Dès octobre 1868, grâce à Le Caron et à d’autres agents, les autorités canadiennes connaissaient parfaitement l’organisation fénienne. McMicken apprenait rapidement, par Le Caron, tous les détails de la stratégie d’O’Neill ; ainsi, il sut que celui-ci avait l’intention de tenter une invasion le 15 avril 1870. Déconcerté par les préparatifs qui se déroulaient sans le moindre mystère sur la frontière canadienne, et certain qu’il y avait un traître parmi ses officiers, O’Neill dénonça un innocent et réorganisa ses troupes, qui étaient démoralisées et de moins en moins nombreuses. Le 25 mai, des volontaires canadiens et des officiers américains qui agissaient sur la foi de renseignements canadiens stoppèrent O’Neill, qui venait du Vermont avec seulement 200 féniens. L’efficacité du travail clandestin n’avait plus à être démontrée.

En septembre 1871, le plus gros de la menace fénienne étant passé, on envoya McMicken à Winnipeg, nouvelle capitale provinciale, pour y ouvrir une série de bureaux du gouvernement fédéral. Tout en demeurant commissaire de la Police du dominion, il allait exercer les fonctions d’agent du Bureau des terres de la Puissance et de sous-receveur général du Manitoba (celle-ci incluant les postes de vérificateur du dominion pour la province et de directeur de la Banque d’épargne du gouvernement au Manitoba). En outre, on le nomma agent d’immigration et membre de la commission de l’Intercolonial. Mais, avant de quitter l’Ontario, il apprit qu’O’Neill préparait une autre invasion, sous la pression de l’Irlandais William Bernard O’Donoghue*, qui avait participé au soulèvement de 1869–1870 avec Louis Riel*. Cette fois, O’Neill avait l’intention de monter vers la Rivière-Rouge et escomptait que les Métis, mécontents, l’aideraient. McMicken se fit accompagner par quelques agents de la Police du dominion. Par la suite, il donna un compte rendu très mélodramatique de son voyage au Manitoba : il était passé par St Paul, au Minnesota, et sous le couvert d’un déguisement il avait doublé, sur la route, le groupe d’O’Neill, qui se composait de 40 à 50 hommes.

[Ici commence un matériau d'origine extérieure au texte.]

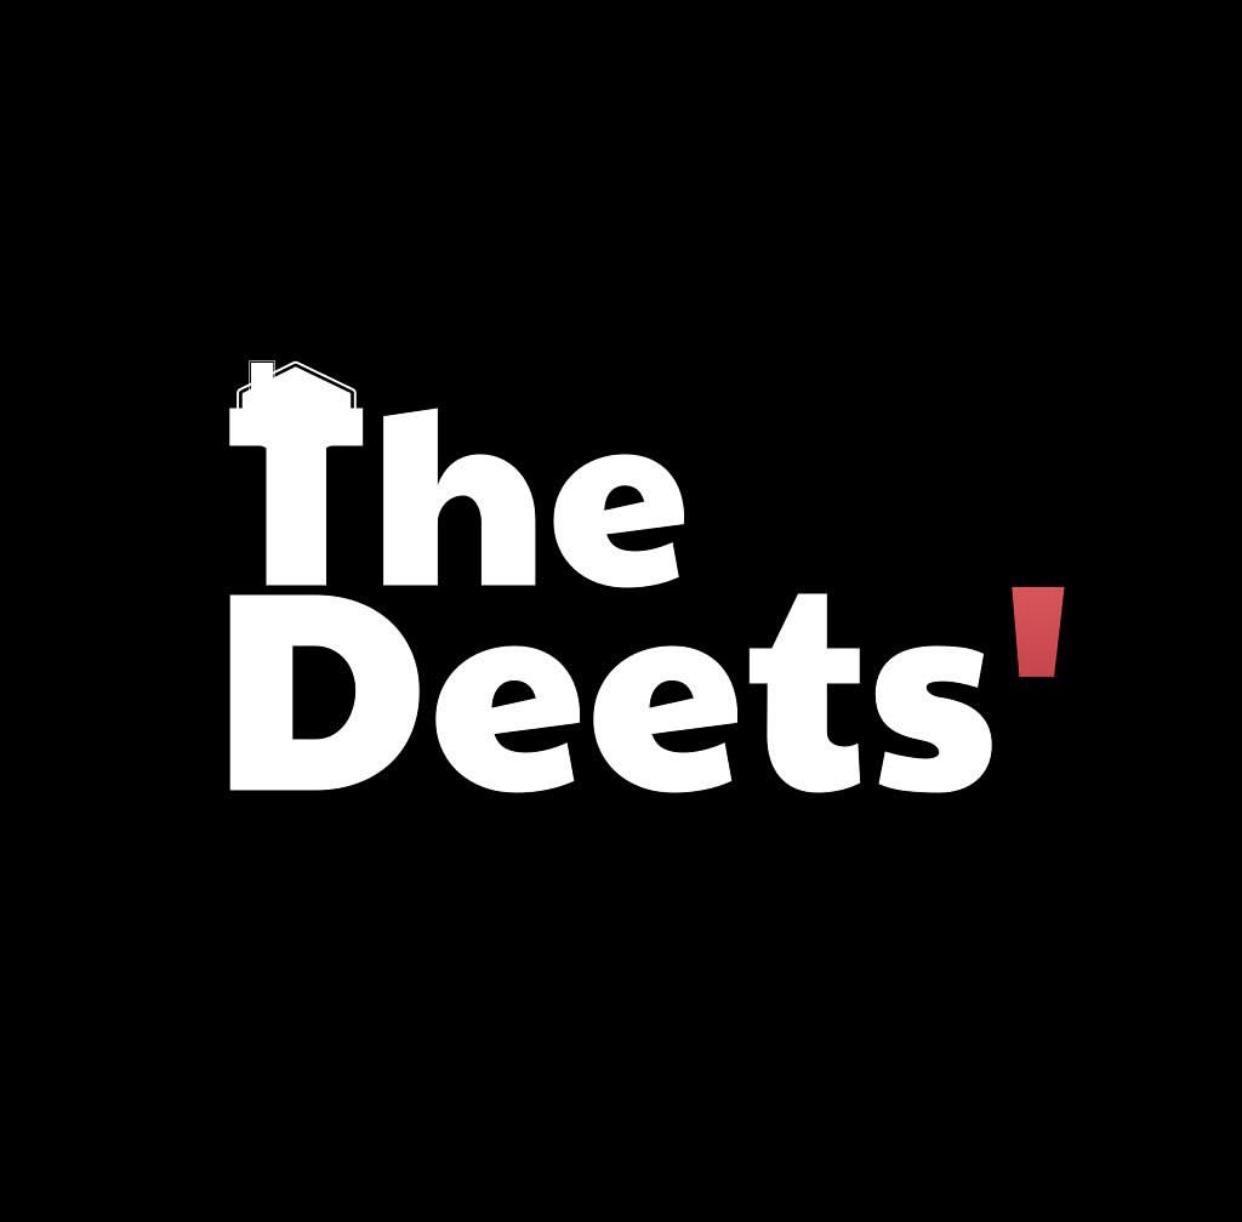 The Deets' (2020)

O’Neill et ses compagnons furent capturés le 5 octobre 1871 par des soldats américains au poste de la Hudson’s Bay Company à Pembina (Dakota du Nord), et O’Donoghue fut reconduit aux États-Unis sous l’escorte de deux Métis. O’Neill n’avait eu que très peu d’appui de la part des Métis durant cette campagne. Dès lors, McMicken n’allait plus guère avoir d’activités policières. (Cependant, dix ans plus tard, après avoir reçu des rapports selon lesquels des forces féniennes et des réserves d’armes se concentraient à New York, à Buffalo, à Chicago et peut-être même en Colombie-Britannique, Macdonald allait lui demander de recourir de nouveau aux services de Le Caron.) En affectant McMicken au Manitoba, Macdonald avait placé un agent gouvernemental au cœur même d’une autre crise, conséquence de la résistance de 1869–1870 et de la création de la province du Manitoba : il s’agissait cette fois des Métis qui réclamaient la satisfaction de leurs revendications foncières.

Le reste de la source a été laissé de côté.